Саша стал обсуждать с бывшим начальником возможность побега. Тот покачал головой, ответил:
– Рискованно, немцы уже захватили весь район, они повсюду. Или застрелят в спину при попытке к бегству, или поймают и напоказ расстреляют перед строем, а то и замучают.
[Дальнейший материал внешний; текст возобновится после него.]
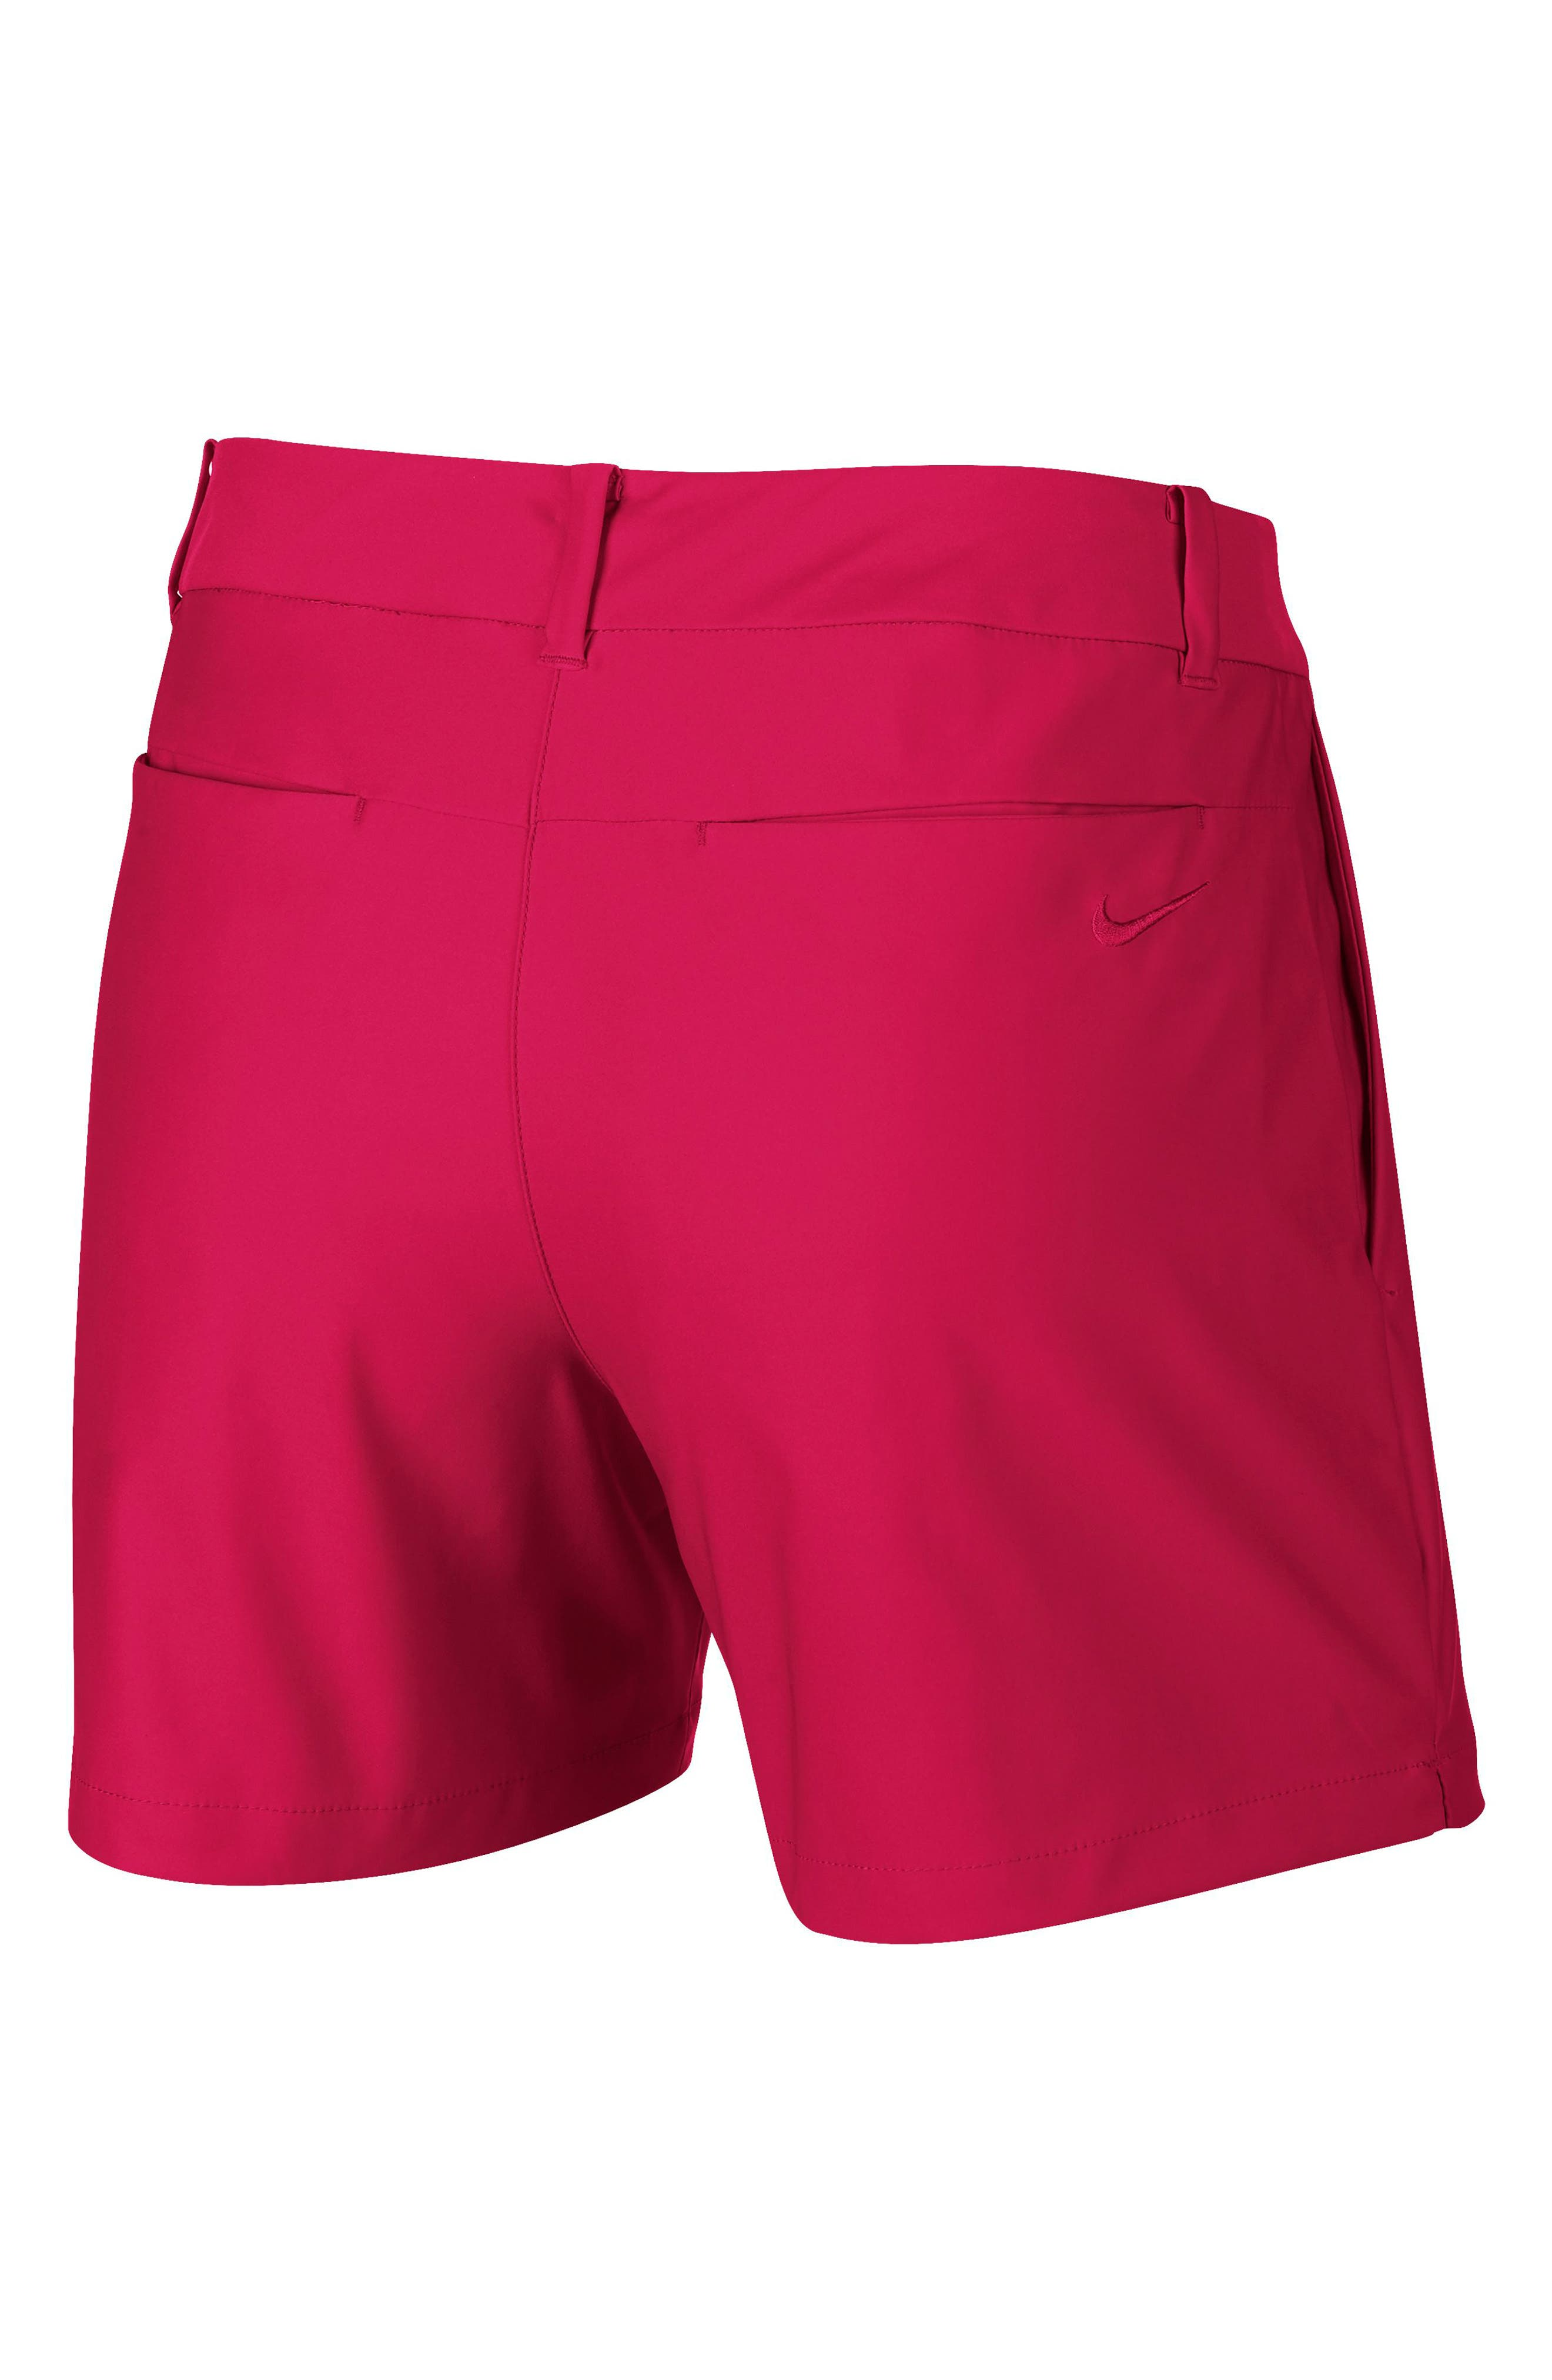 Flex Golf Shorts,                             Alternate thumbnail 2, color,                             RUSH PINK/ RUSH PINK

– Вы же знаете, меня ведь и так расстреляют или замучают.
– Это почему?
– Как только узнают, что я еврей.
Замполит удивился:
– Ты еврей?
– А вы не знали?
– Хоть ты и был командиром орудия, а не рядовым бойцом, я не знал. Да ты и внешне вовсе не похож на еврея, и фамилия у тебя не типичная еврейская, не какой-нибудь там Рабинович или Лившиц. Ну, ты меня не выдал, и я тебя не продам. Но мой тебе совет – выбрось все-таки свой «смертный паспорт» и забудь про то, что ты еврей.
Саша не стал говорить, что уже сделал это.
Число пленных за проволокой с каждым днем увеличивалось. По утрам на весь день выдавали по куску хлеба, испеченного из поганой муки пополам с опилками. Немцы любили порядок и не давали собираться толпе, подводили пленных по семеркам. Иногда людям доставалась и кружка воды, которую привозили в бочке из реки. Семеро пленных набирали воду в бочку, а потом тащили на себе в лагерь. Люди мучились от жажды и окружали бочку жадной толпой, сдержать их немцы не могли, как ни били прикладами и ни пинали ногами. Попасть в команду, которая наполняла бочку, было сложно, охотников оказывалось слишком много. Саша стремился попасть, это дало бы возможность напиться вдоволь воды, а кроме того, выход за проволоку был для него шансом бежать из плена, хотя бы в воображении. Пленные шептались между собой, что можно уговорить солдата-охранника, чтобы отпустил, если объяснить, что твоя деревня находится рядом. Саша мог бы объяснить это по-немецки, но он не хотел открывать своего знания языка, боялся, что его тут же завербуют переводчиком и он должен будет работать на немцев. Это выглядело бы как предательство, а он знал, что предательство – это самый тяжелый грех.
Богданов объяснил Саше:
– Попытаться бежать, конечно, можно. Немцы настолько уверены в своих силах, что победа им кажется очень близкой. Одним пленным больше, одним меньше – для них это все равно. Но куда бежать?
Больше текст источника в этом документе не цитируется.